**Collected material**
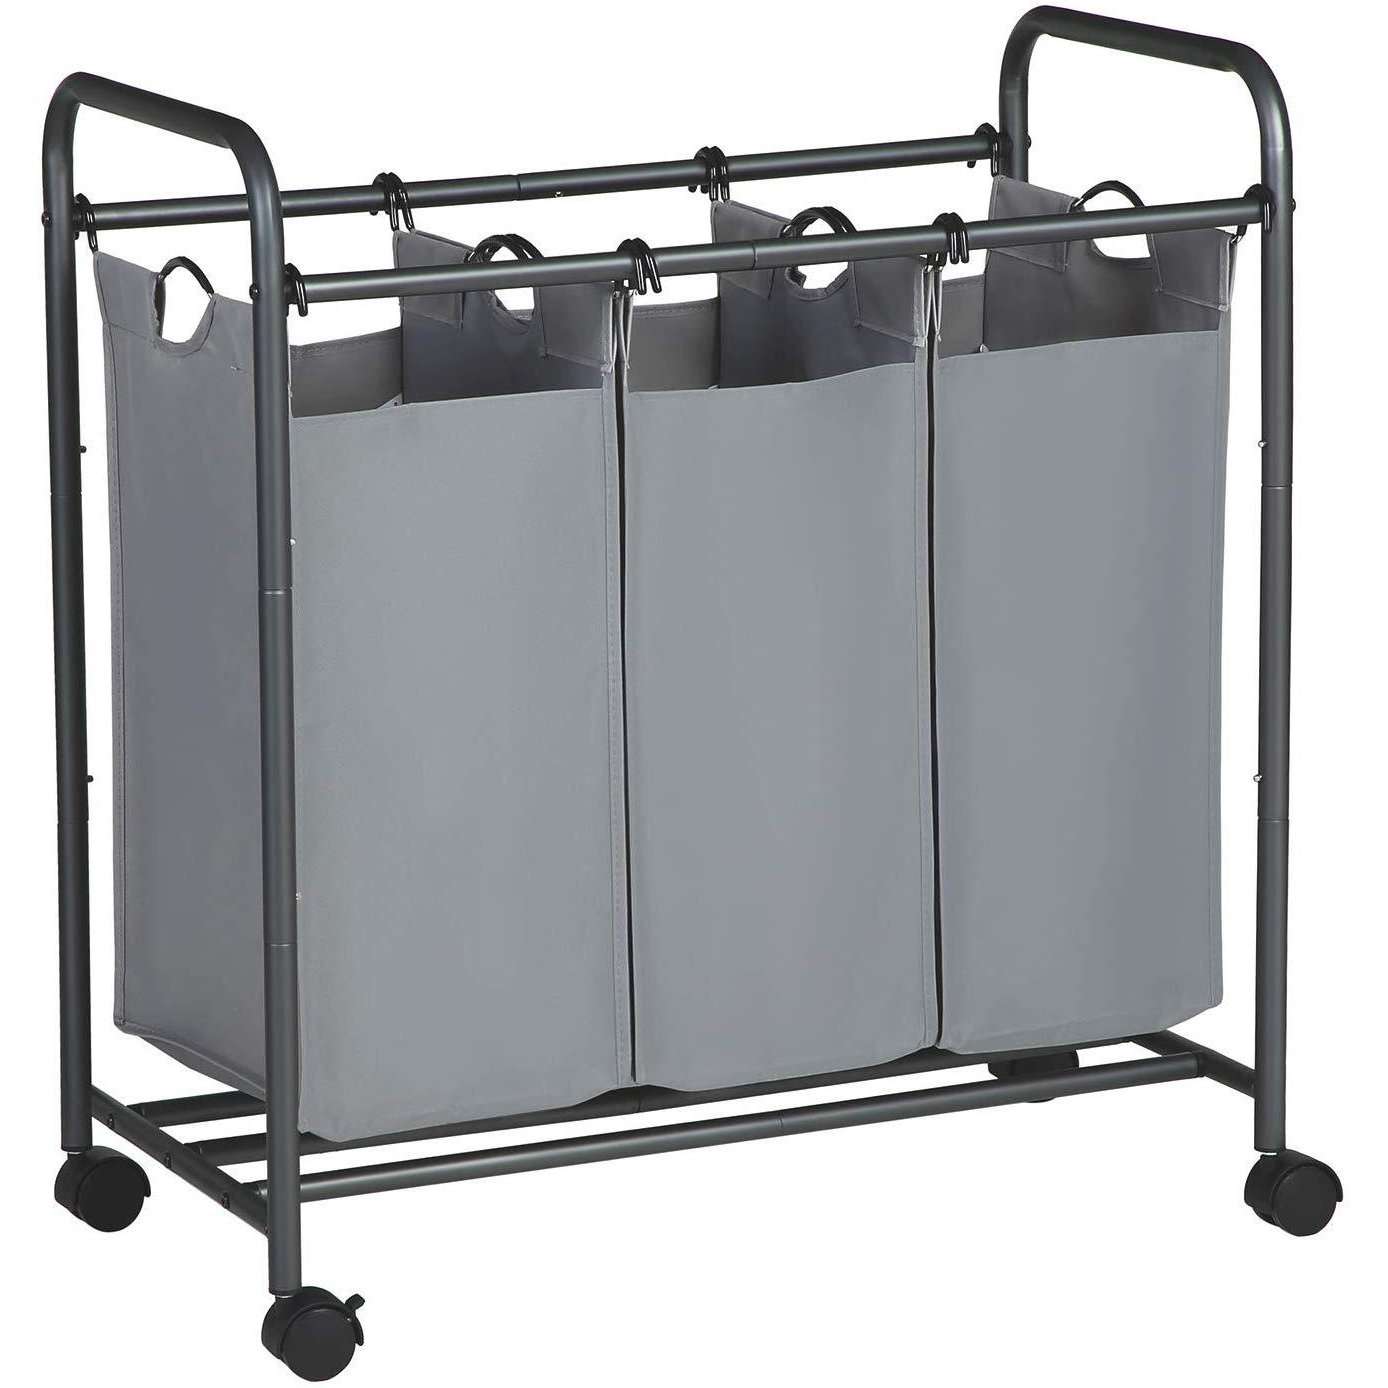 Nancy's Laundry Sorter 142L - Laundry Basket With 3 Compartments Gray
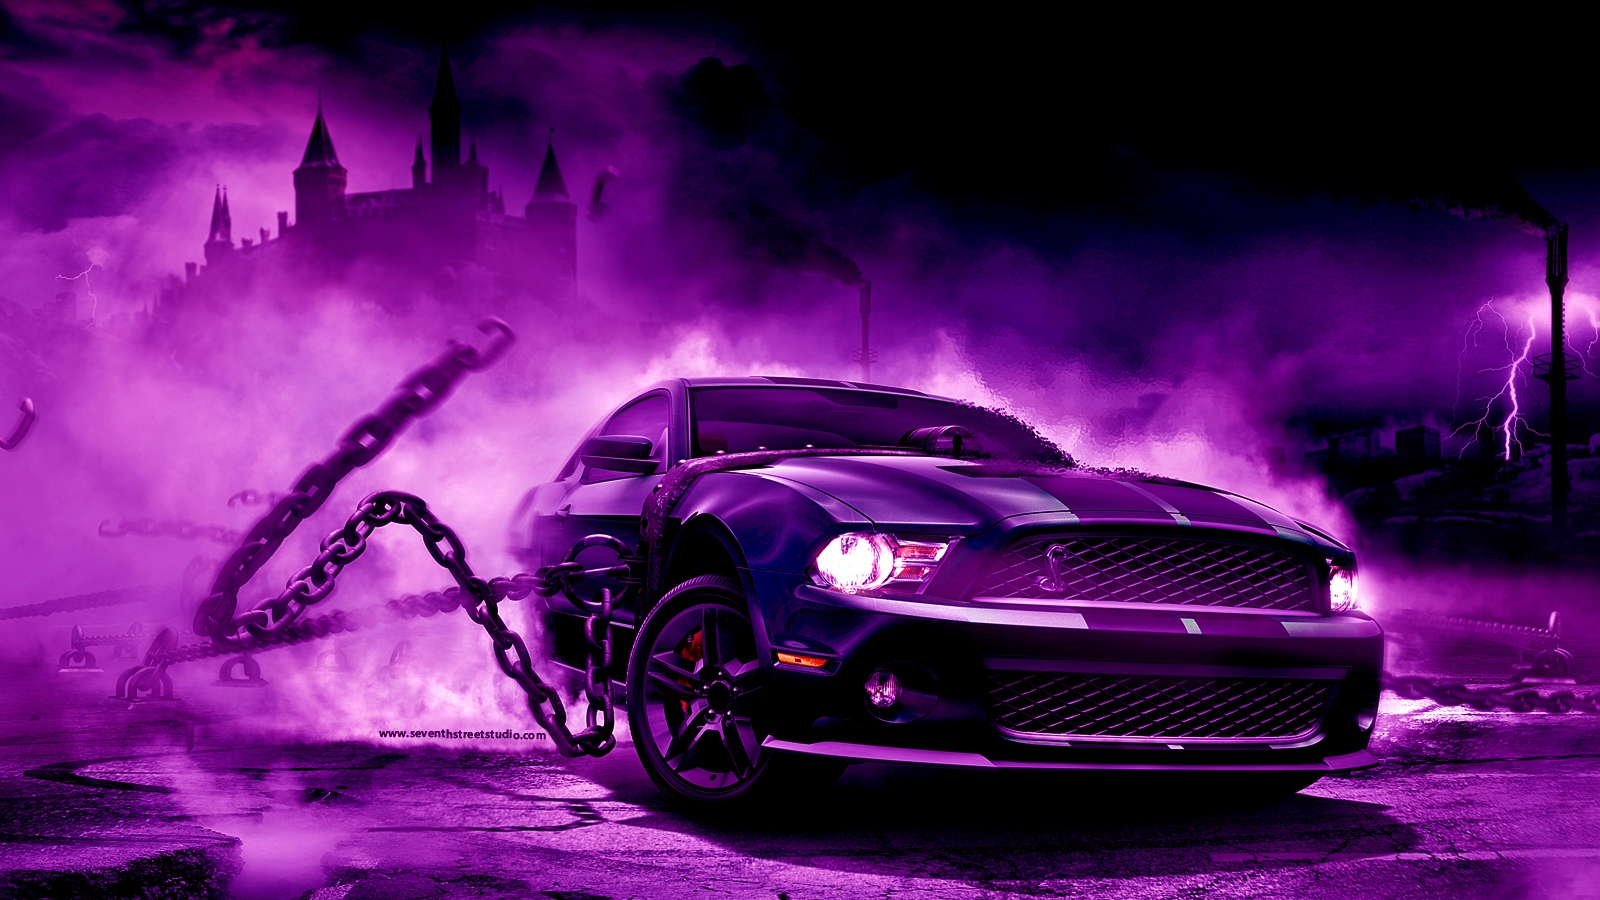 3d hd wallpapers for mobile free download,vehicle,car,purple,shelby mustang,automotive design
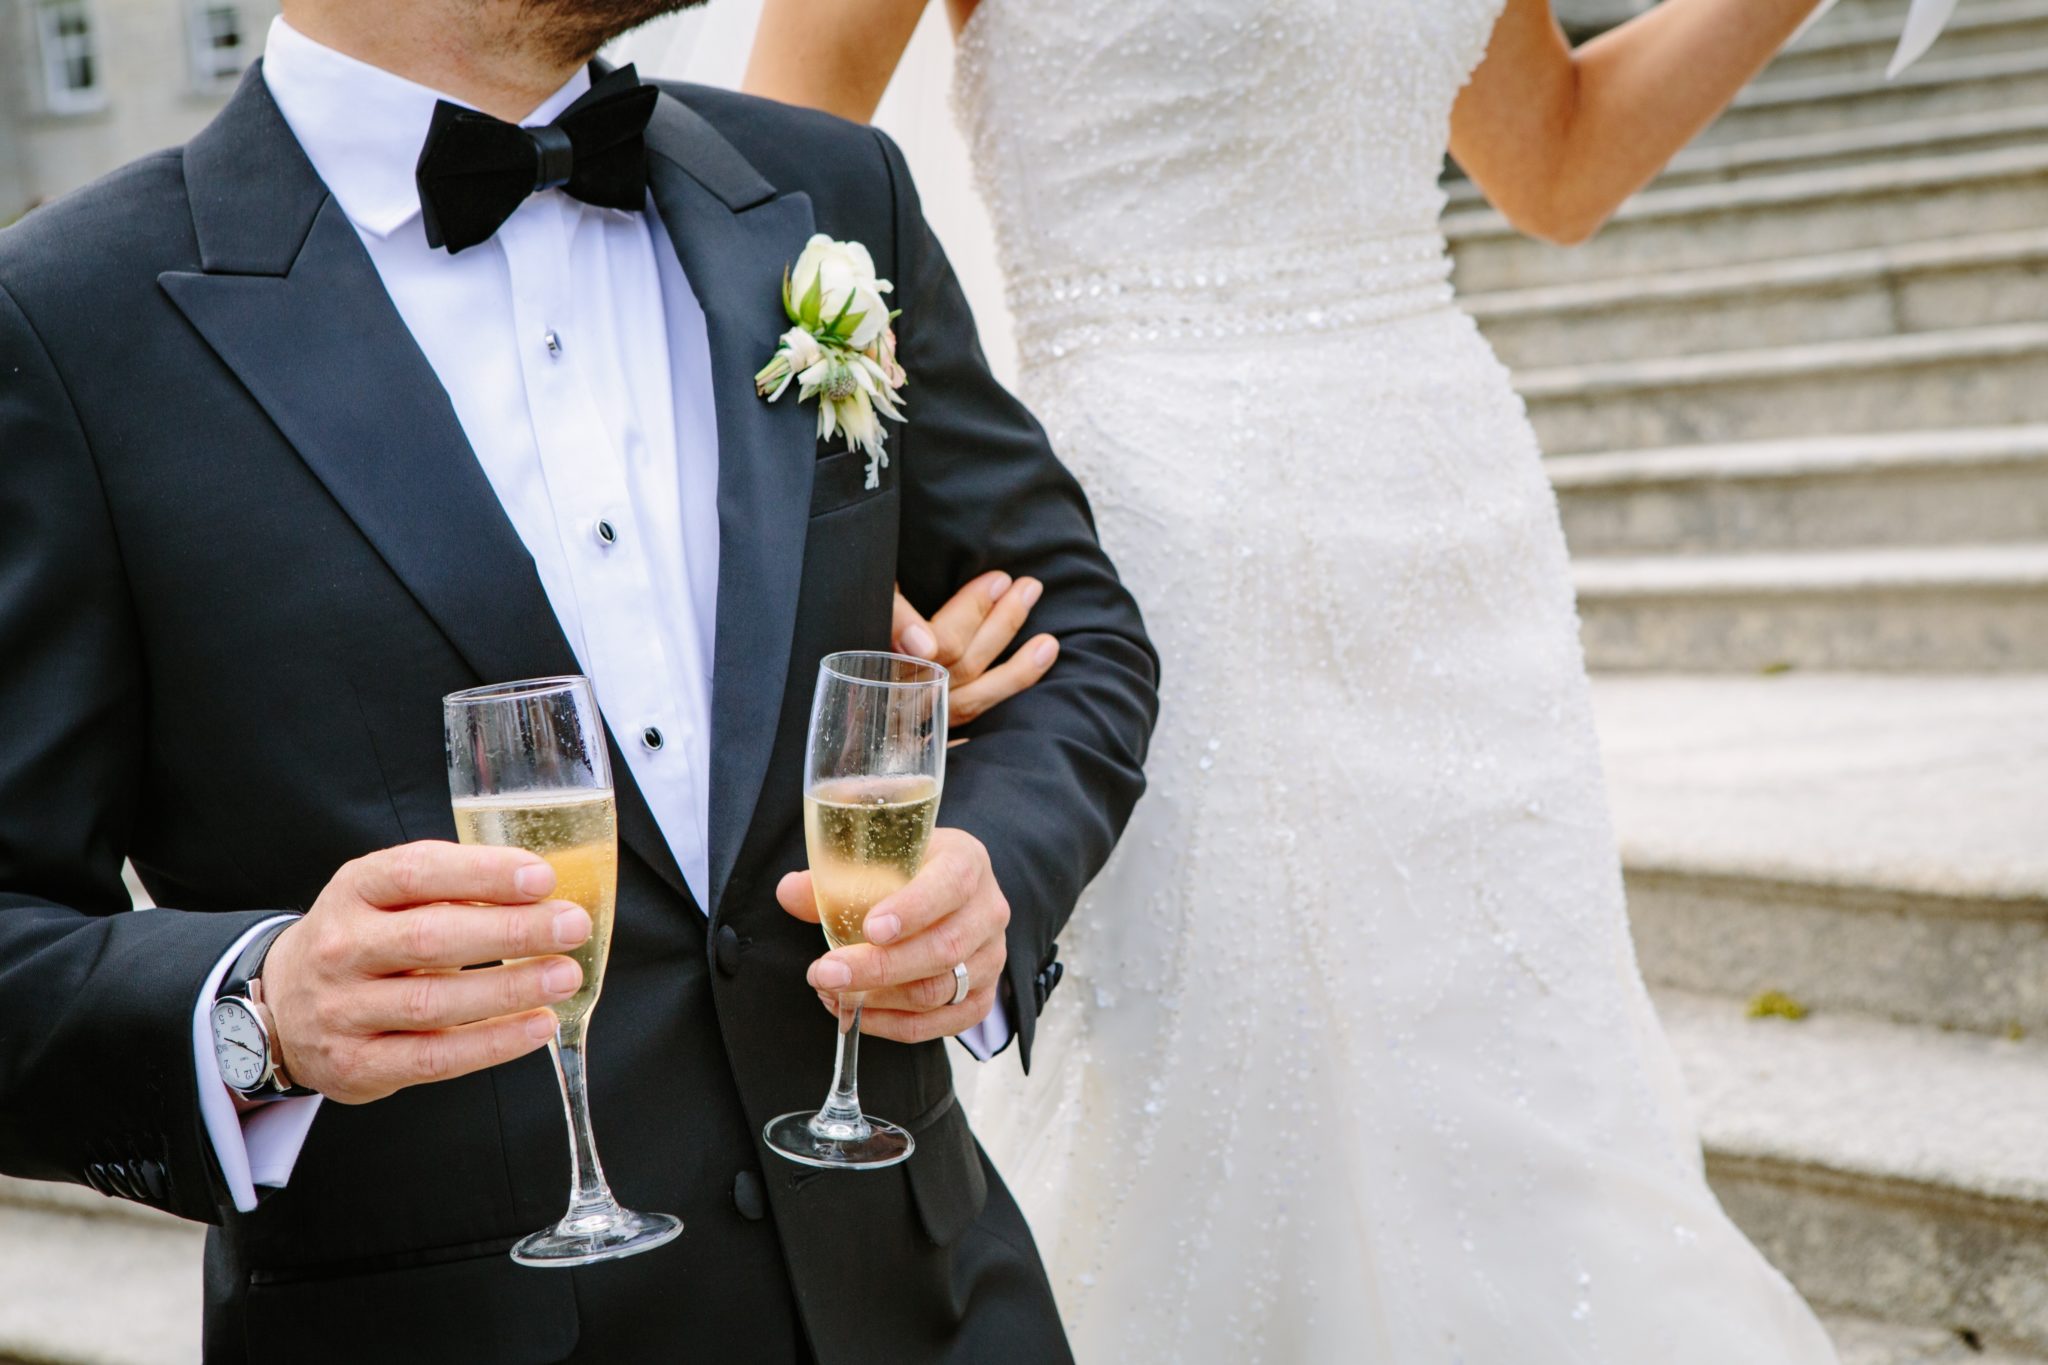 Groom wearing tuxedo holding champagne glasses with bride on his arm

**Exercise instructions**
When you restate the listing above, give each line word for word but leave out every image.

**Solution**
 Nancy's Laundry Sorter 142L - Laundry Basket With 3 Compartments Gray
 3d hd wallpapers for mobile free download,vehicle,car,purple,shelby mustang,automotive design
 Groom wearing tuxedo holding champagne glasses with bride on his arm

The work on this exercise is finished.